# Third Class fishing boat registration?



## Mike Craine (Oct 16, 2006)

When did fishing boat registrations stop putting the port letters after the number ie 123AH 206PL? I think this was only used on 3rd class boats that worked coastal waters. 1st and 2nd class boats used the more normal AH124/PL207. This was in the days of sail. Any information about this request would be very much appreciated. Thanks.


----------



## cmcbain (Dec 26, 2007)

Mike,

I have seen this before too. I have in a book "Fifes Fishing Industry" a couple of photos of boats one 'Janet' 412KY (circa 1900) and 'Mistletoe' 44ML. Underneath the photo of Mistletoe it said its from the 1920's and; "for a time, boats under 15 tons burden were marked with thier registration numbers first followed by the letter code of thier port of registry, in this case, Methil"

Cheers

Calum


----------



## gil mayes (Nov 20, 2006)

Mike
I did not join in before because I thought that others would comment and we would all learn something. 1st and 2nd Class smacks, particularly those in the Brixham fleet and registered at Dartmouth carried the port letters after the number, some of them well into the 1890s. This practise may have been at other ports, but I have only seen it in old Brixham photographs.
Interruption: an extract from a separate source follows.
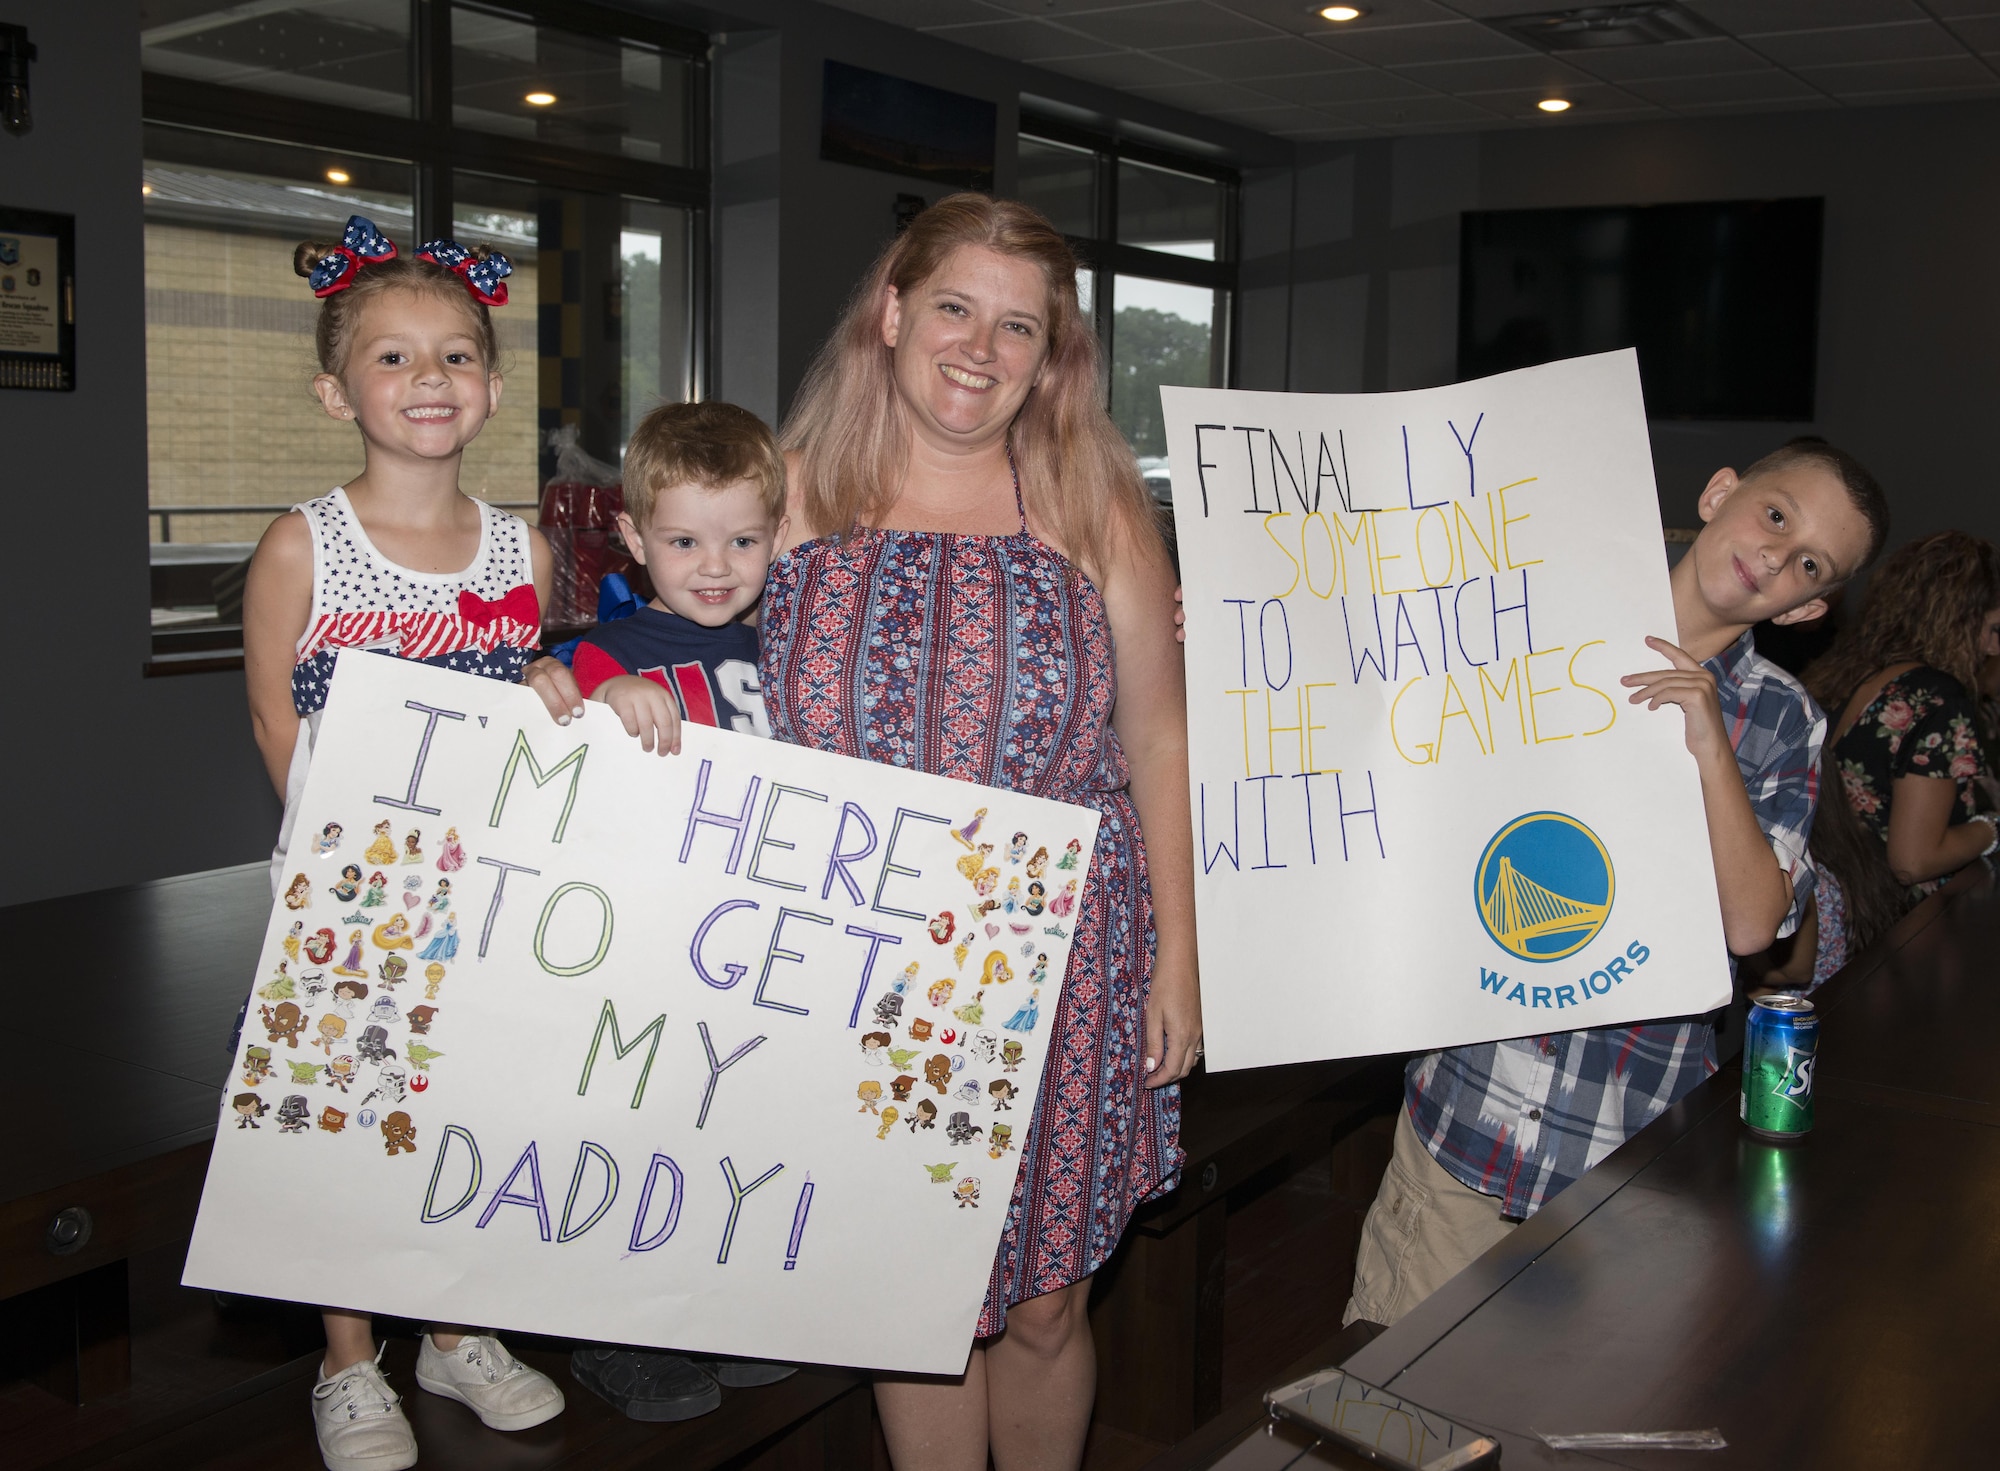 Family and friends hold signs during a redeployment, June 6, 2017, at Moody Air Force Base, Ga. The 41st and 71st Rescue Squadrons were recently deployed to Southwest Asia where they provided combat search and rescue capabilities in support of Operation Inherent Resolve. (U.S. Air Force photo by Airman 1st Class Lauren M. Sprunk)

Some 3rd class boats registered at Preston carried the port number aft for a while after the practise was reversed but a few were not painted up at all until after the Act of 1894.
Gil.


----------



## grahamtowa (May 27, 2006)

It was the 2nd class boats that had the letters at the rear. i.e. 123AB. First and third class had letters first, i.e AB123.


----------



## grahamtowa (May 27, 2006)

Should have added- the above info is from 1901 Fishemens nautical almanack.


----------